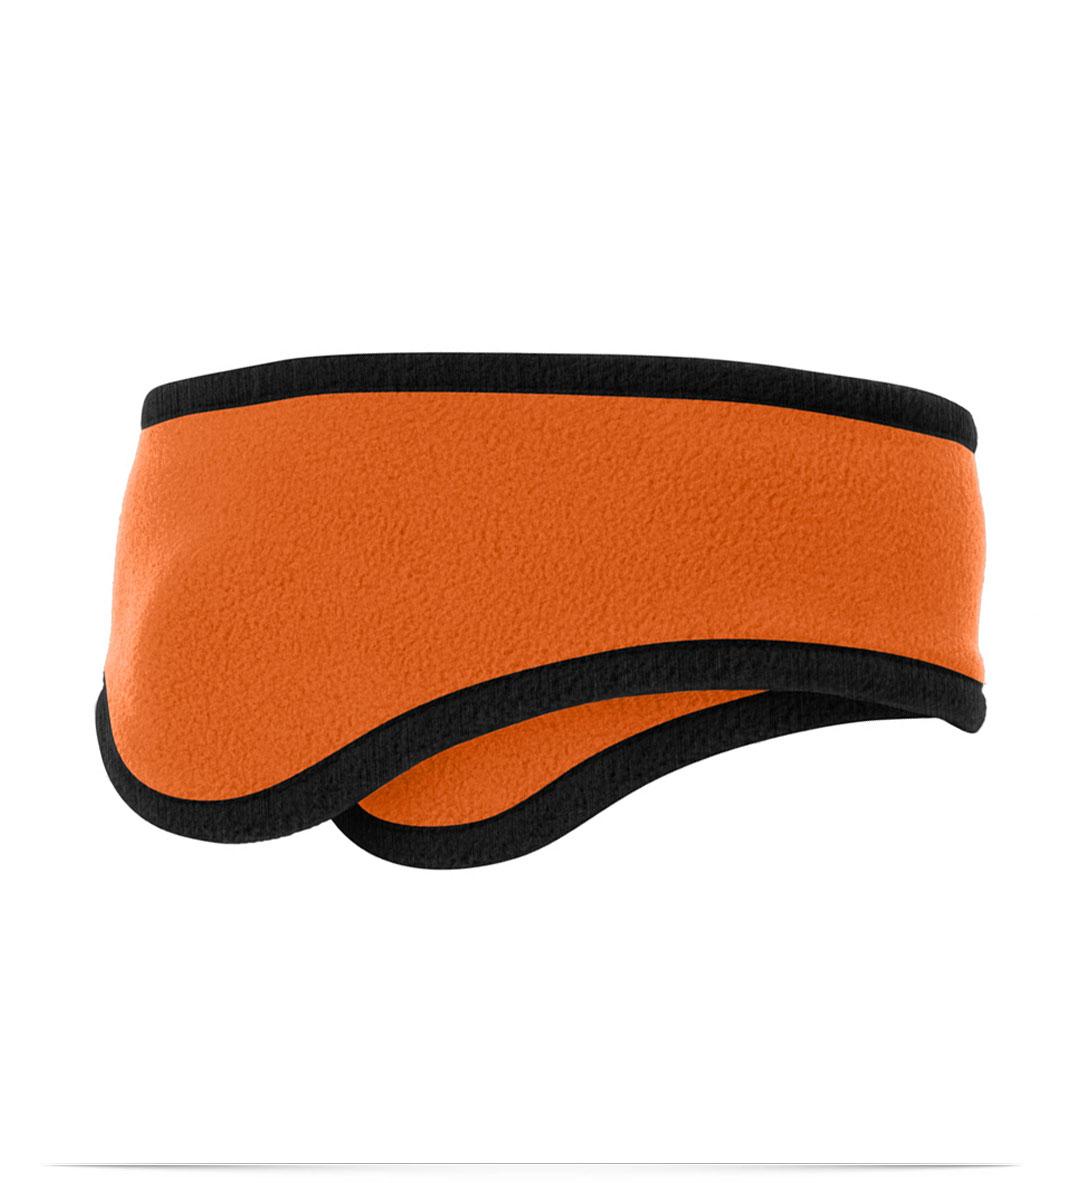 Popular Headbands and Custom Logo Embroidered Fleece Headbands EQ29
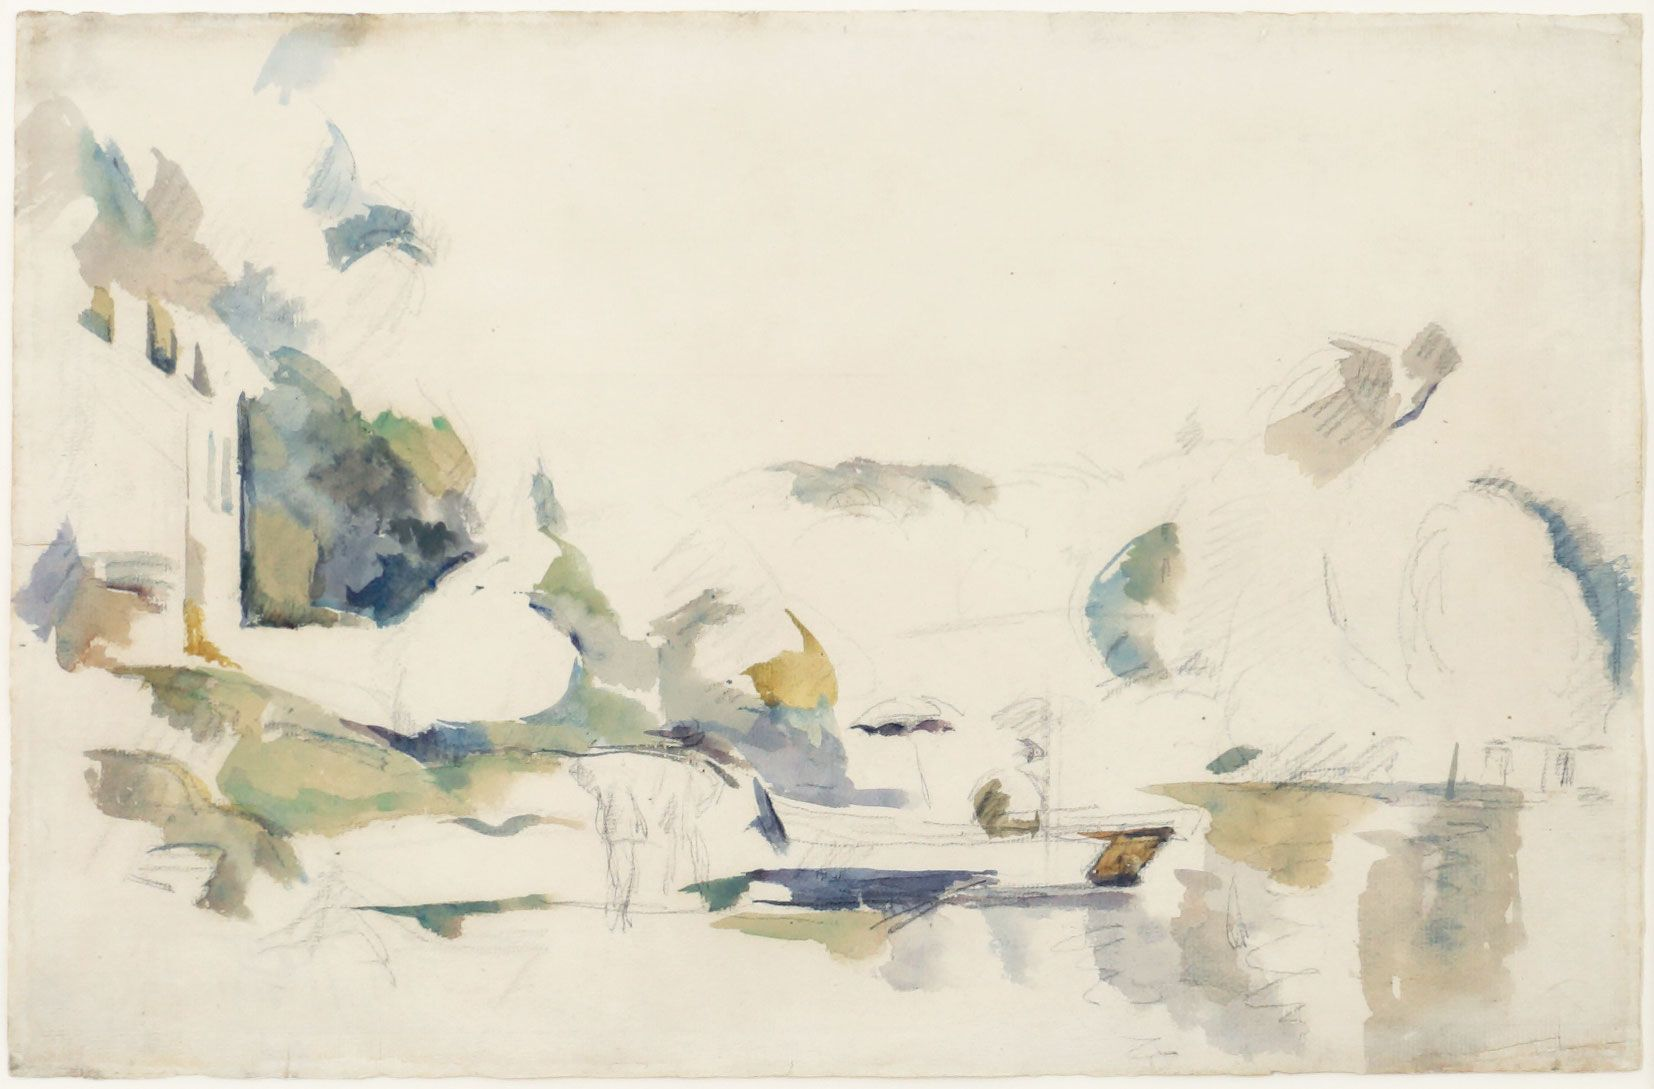 Paul Cezanne, La Barque, Le Lac D'Annecy, 1896, Watercolor and pencil on paper 12 1/4 x 18 5/8 inches
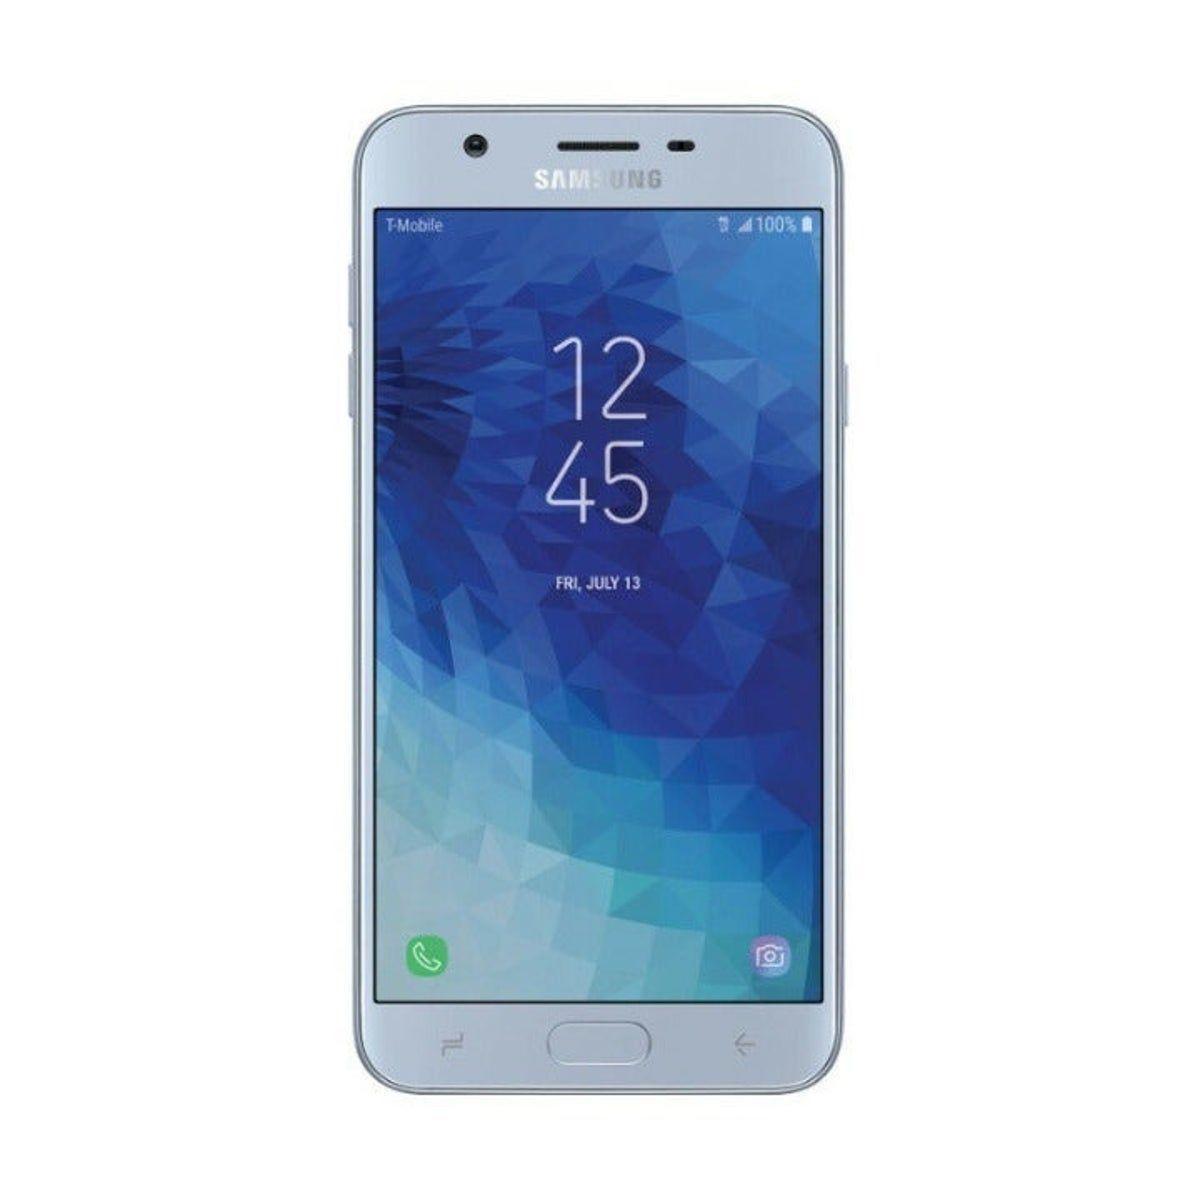 Samsung Wallpaper Galaxy A70 Samsung Galaxy Wallpaper Android Samsung Galaxy Wallpaper Samsung Wallpaper

• [Task details]: With pictures omitted, copy exactly the lines from the one containing "Paul Cezanne, La" through the final line of the listing, both included.

• [Response area]:
 Paul Cezanne, La Barque, Le Lac D'Annecy, 1896, Watercolor and pencil on paper 12 1/4 x 18 5/8 inches
 Samsung Wallpaper Galaxy A70 Samsung Galaxy Wallpaper Android Samsung Galaxy Wallpaper Samsung Wallpaper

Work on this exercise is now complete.